Şekildeki gibi, Lead üretimi operasyonunuzun belirli bir zamanda (örneğin 1 ay) ürettiği Lead sayısına N diyelim. Yine Lead yönetim ekibiniz bunların %X kadarını Account’a dönüştürmüş olsun. Satış ekibiniz ise devraldığı bu Account’ların satış fırsatlarını yöneterek bunların %Y kadarını kazanmış olsun. Bu durumda, temsili bir gösterimle, şirketiniz bir aylık dönemde N x %X x %Y kadar gelir sağlamış olur. Satış rakamları N, X ve Y’nin değerlerinin tümüne birden bağlıdır. Bu değişkenlerin her biri satış başarınız için hayati öneme sahiptir.
 
Geleneksel olarak, satış performansından şikayetçi olan kurumlar sorunu ağırlıklı olarak fırsat kapatma oranında, yani yukarıdaki %Y değerinde arayıp diğer faktörleri gözden kaçırma eğilimindedirler. Fakat açıkça ortada ki, Lead üretimindeki performans yetersizse (N düşükse) veya örneğin kötü bir hedefleme yapıldığından yeterince Lead Account’a dönüştürülmüyorsa (%X düşükse), Fırsat kapatma oranının (%Y’nin) satışlar üzerindeki etkisi sınırlı olur. Bu yanılgı oldukça yaygındır ve Türkiye’de Salesforce.com kullanan firmaların bile bir bölümü bu yüzden Lead nesnesini eksik kullanmaktadır.
 

Bu noktada bir benzetme daha kullanılabilir. Pazarlamadan itibaren başlayan satış akışını bu yaklaşımla düşündüğümüzde, Lead yönetimi bütün satış akışını ilk başta sağlayan musluk gibidir. Satış akış şiddetinin yüksek olabilmesi için bu musluğun debisi yüksek olmalıdır.

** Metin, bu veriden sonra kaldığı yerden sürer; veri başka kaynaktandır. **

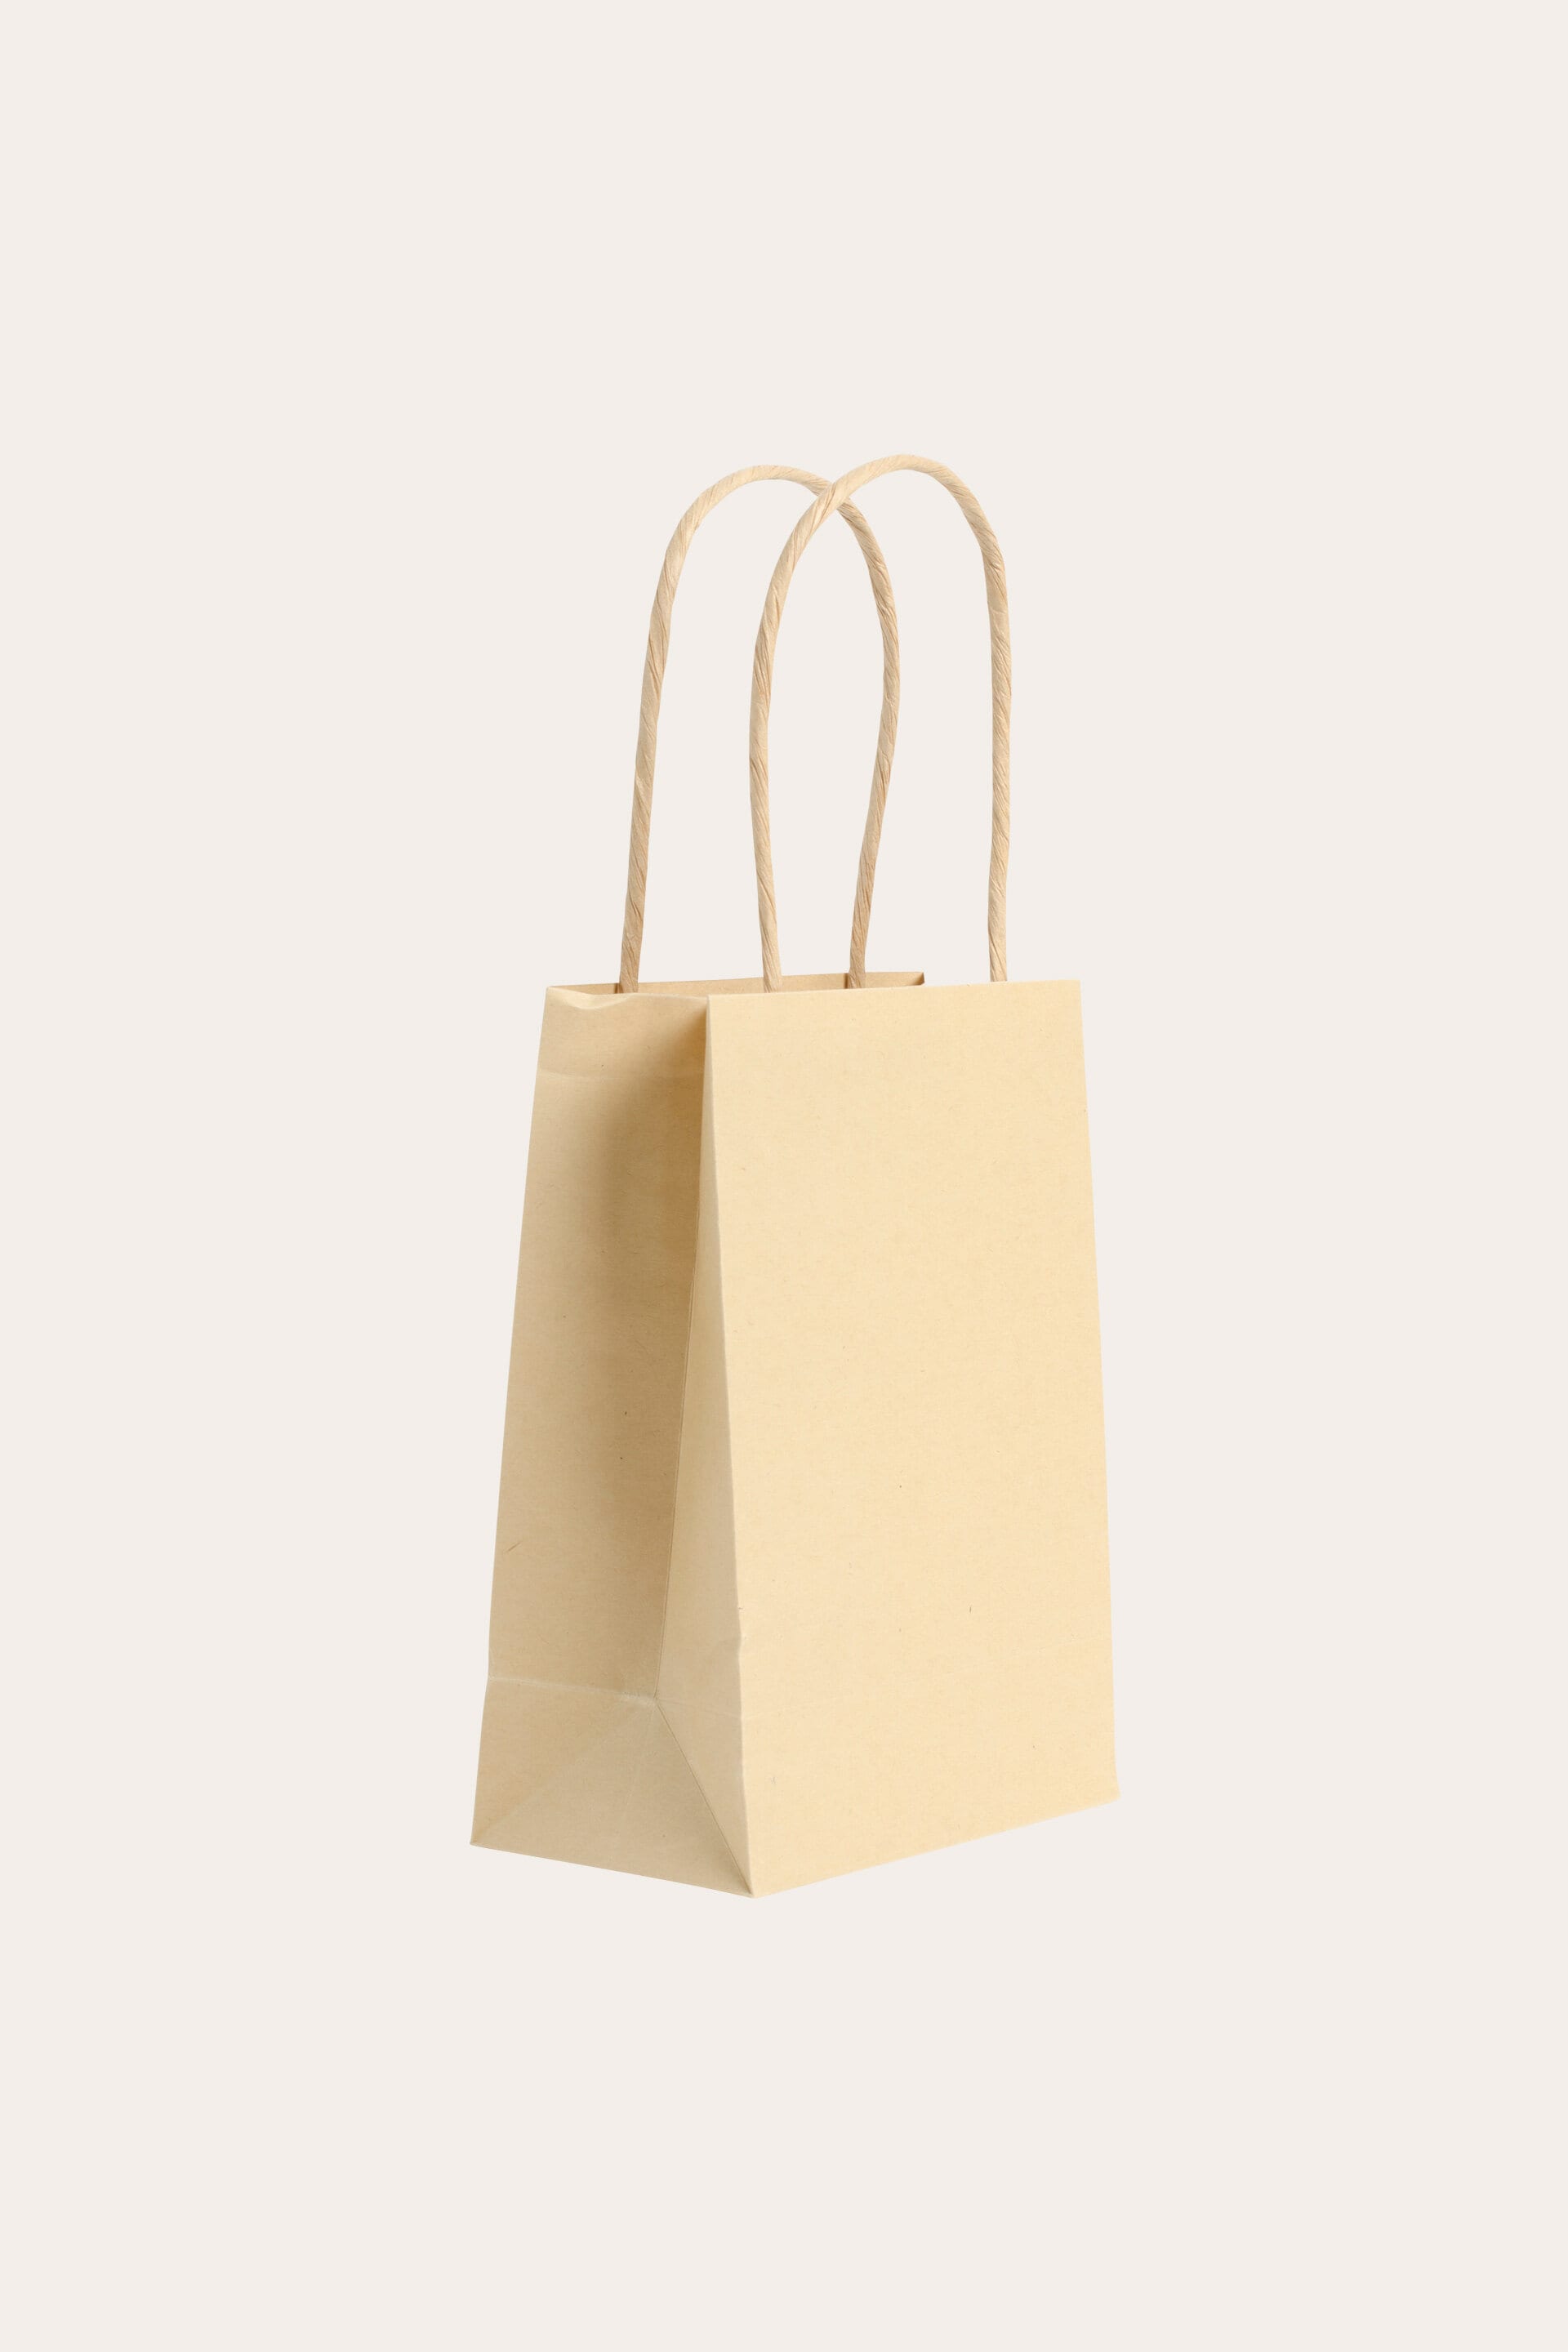 Natural Brown Paper Gift Bag with Cord Handles. Approx Size 27.5cm x 35cm x  10cm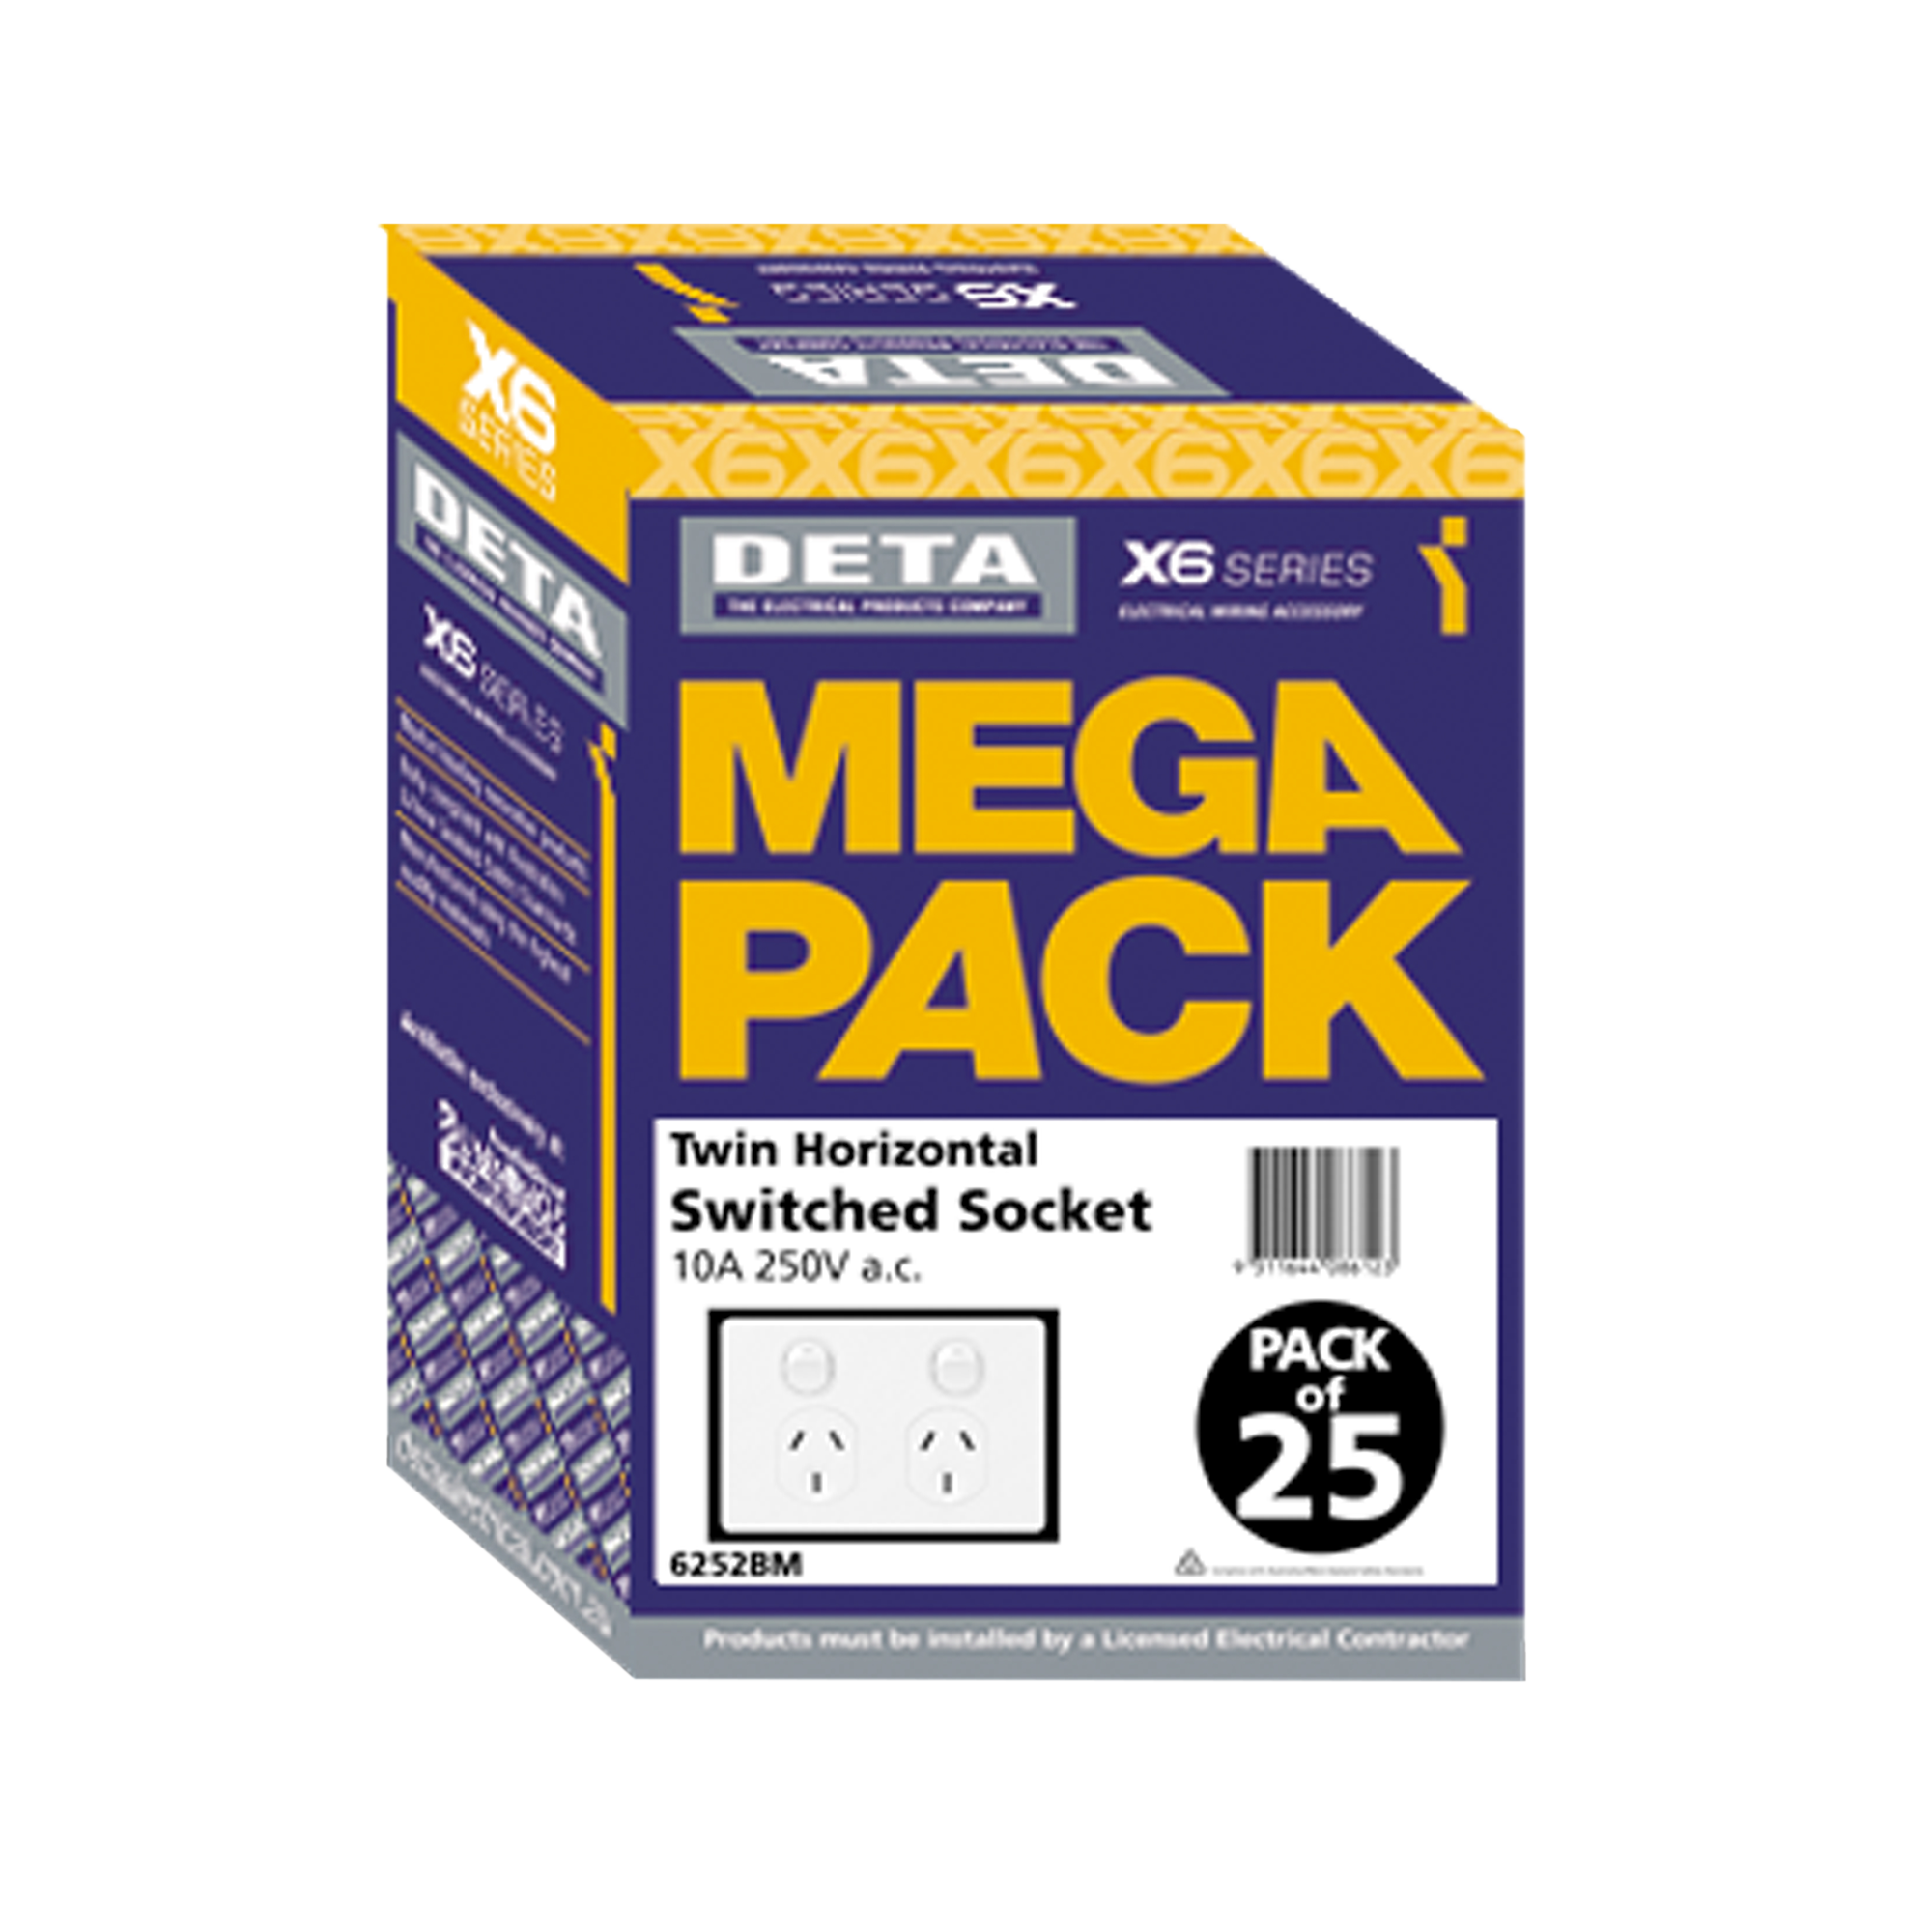  Double power point pack of 25

Salesforce.com’dan önceki hayatında Lead yönetimi benzeri bir süreç işletmeyen kurumlar, bunu yapmaya başladıktan sonra satış rakamlarında somut artışlar bildiriyorlar.

Lead Nedir? Kimler kullanmaz?

 

Lead nesnesini iyi tanımasına rağmen Salesforce.com sisteminde bunu kullanmayı isabetli bir şekilde tercih etmeyen kurumlar da var. Bunlar için, bayi gibi belirli aracı kanallar üzerinden satış yapan ya da son müşteriye doğrudan satış yapıyor olsa da müşteri sayıları çok sık yükselmesi beklenmeyen, yeni müşteri elde etmek için bir operasyon yürütmeyen ve genellikle sipariş ile satış yapan şirketler örnek gösterilebilir.